Monday, October 08, 2007

Lenny Bernstein: Hero Not

Lenny Bernstein was many things -- driven, egotistical, often brilliant, often excessive and yes, flamboyant -- but a "gay hero?" That's how the Blade described him in an article about Equality Forum's monthlong tribute to gay icons.

I think it's great that gay pioneers like Frank Kameny and Barbara Gittings and some of the others are getting attention. But Bernstein? He was a closeted gay man who married and had sex with men on the side. If he did anything to stand up for the gay community or work for gay civil rights I've never heard of it.
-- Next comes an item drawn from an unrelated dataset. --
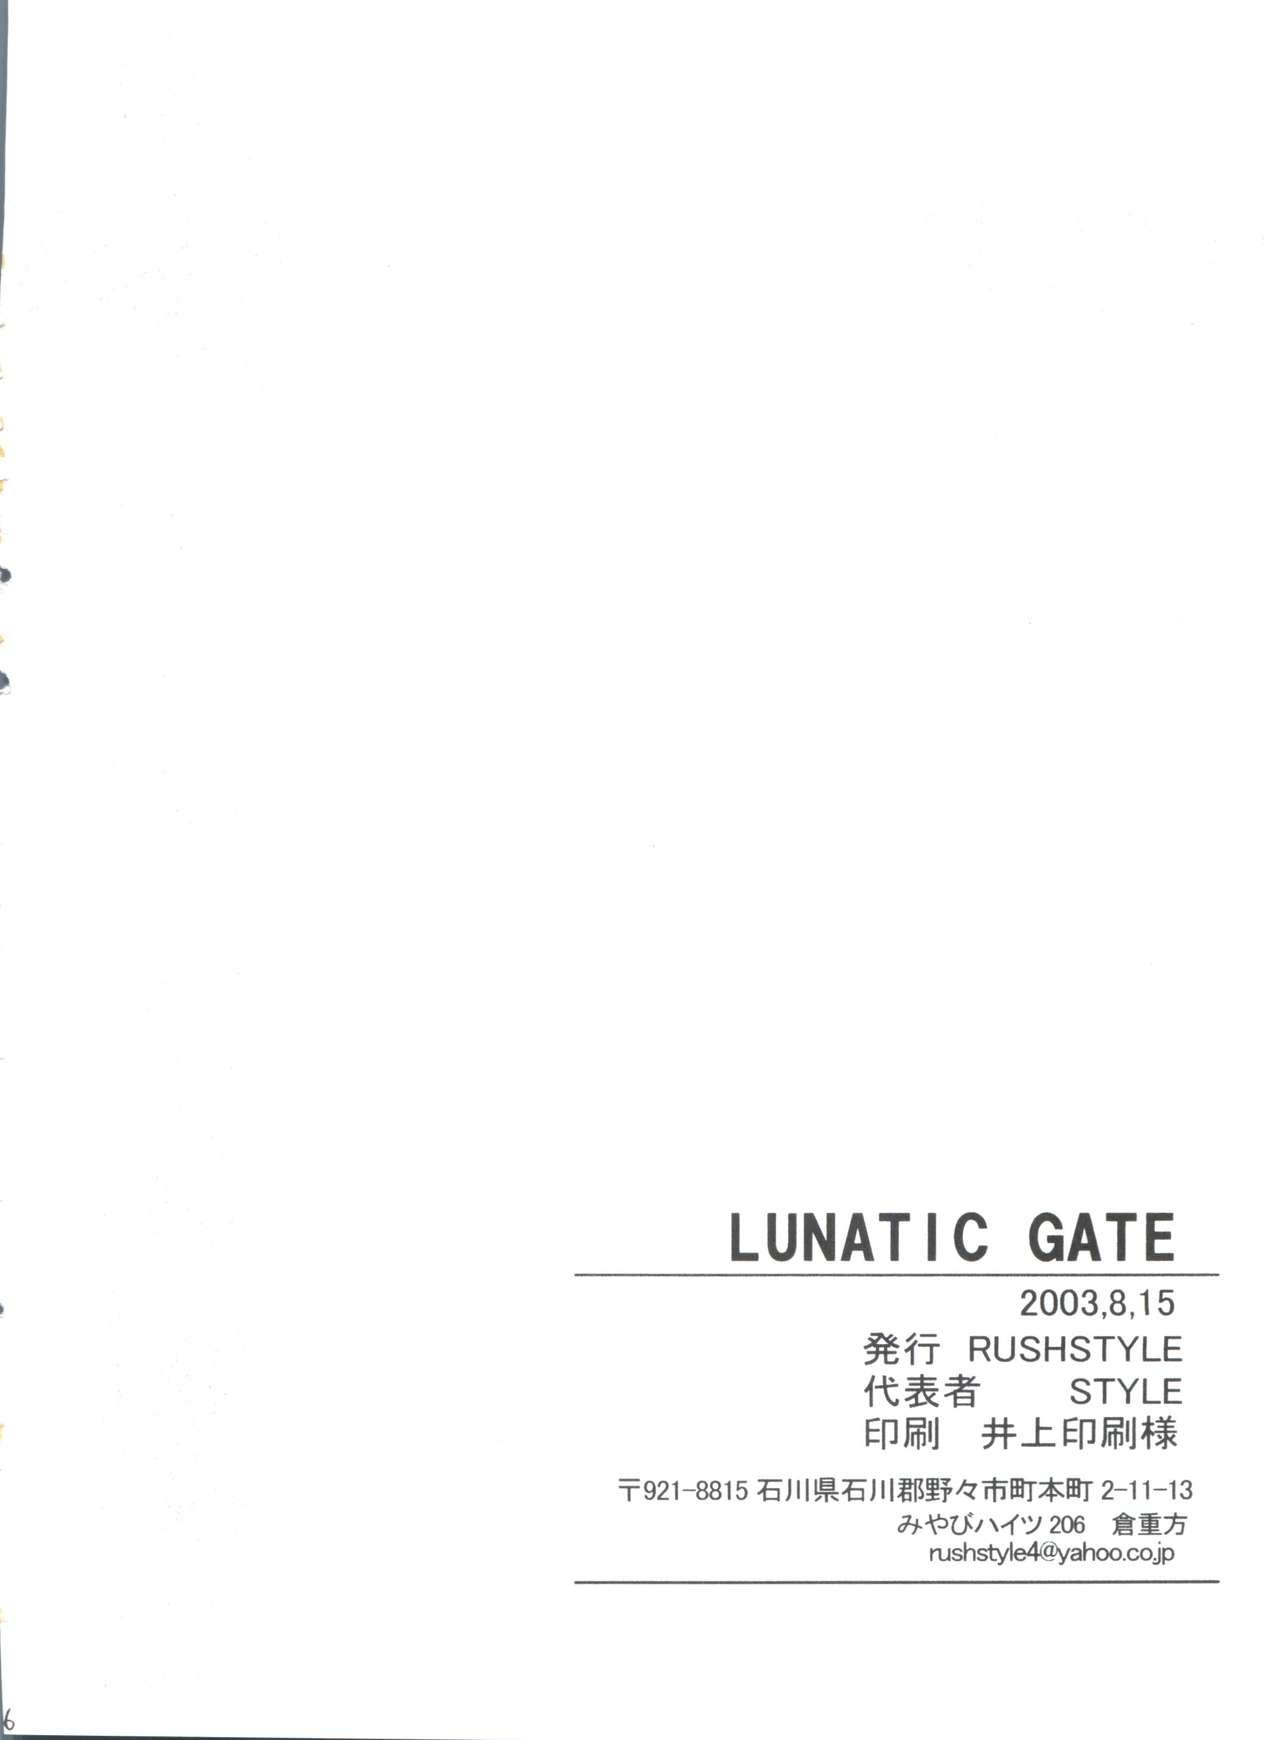 Lunatic Gate 24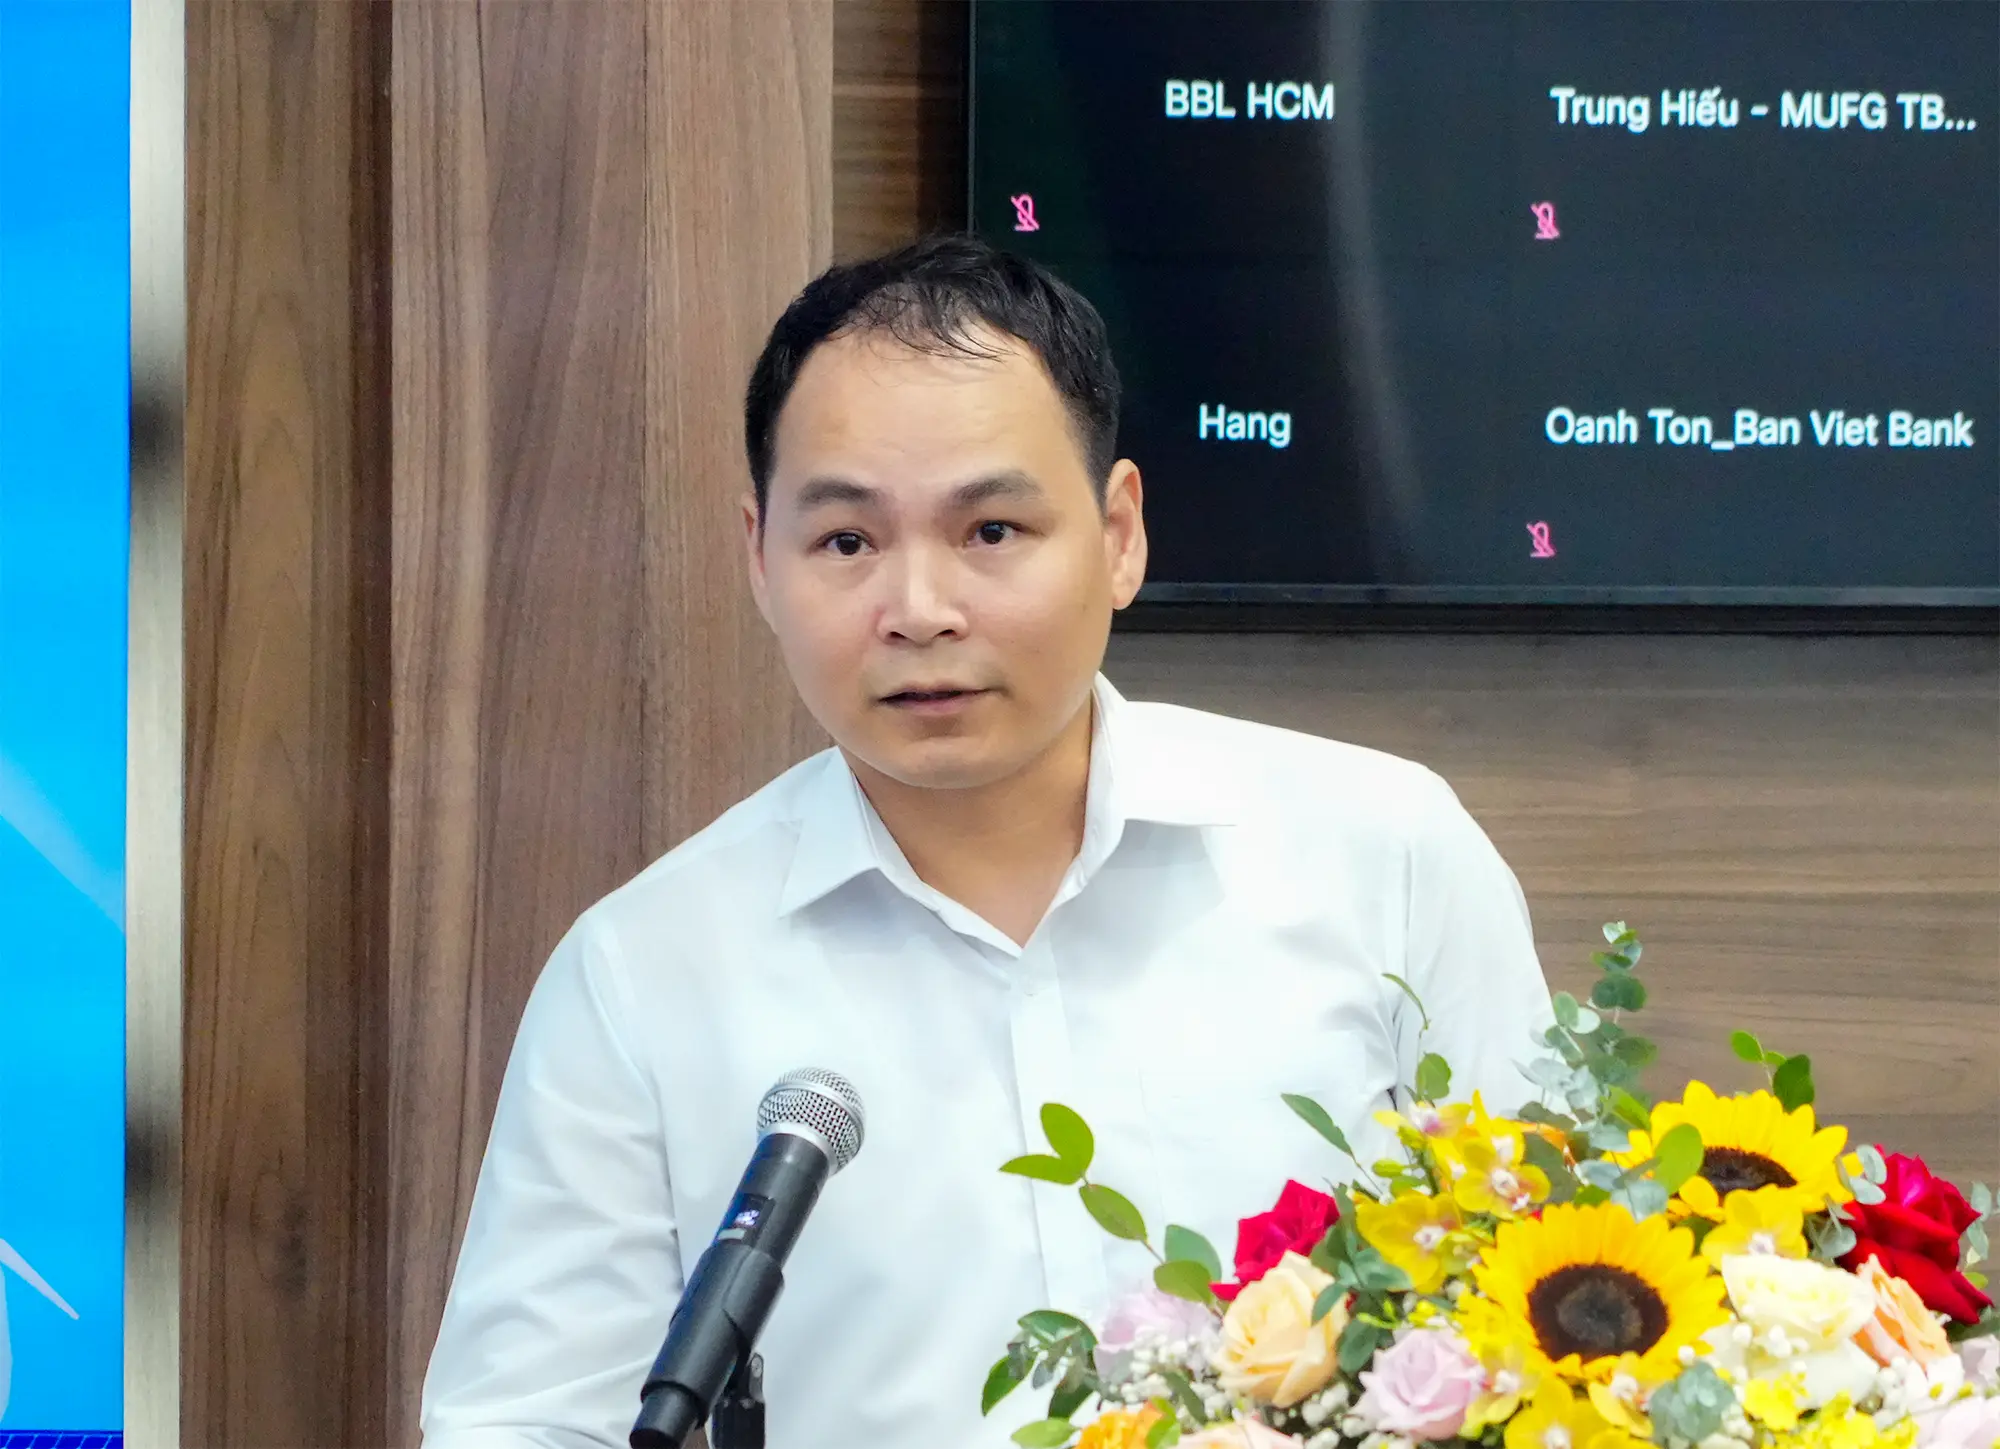 Ông Trần Anh Quý – Trưởng phòng tín dụng chính sách, Ngân hàng Nhà nước Việt Nam

Bernstein was a gifted artist and a legendary (in his own mind, for sure) leader of American music. He surely was not a leader in the gay community.

1 comment:

Anonymous said...

According to William R. Trotter in "Priest of Music; the Life of Dimitri Mitropoulos," in 1949 Lenny outed Mitropoulos, who was competing with Munch for the Boston Orchestra, to Koussevitzky who promptly denied Mitropoulos the conductorship of the BO. This kind of betrayal doesn't speak well of LB who wanted the conductor's chair for himself. Of course LB wasn't European, was a leftist, was associated with Broadway, and was Jewish, to say nothing of being very young, though not yet commonly known as gay or bi. So he didn't get it either.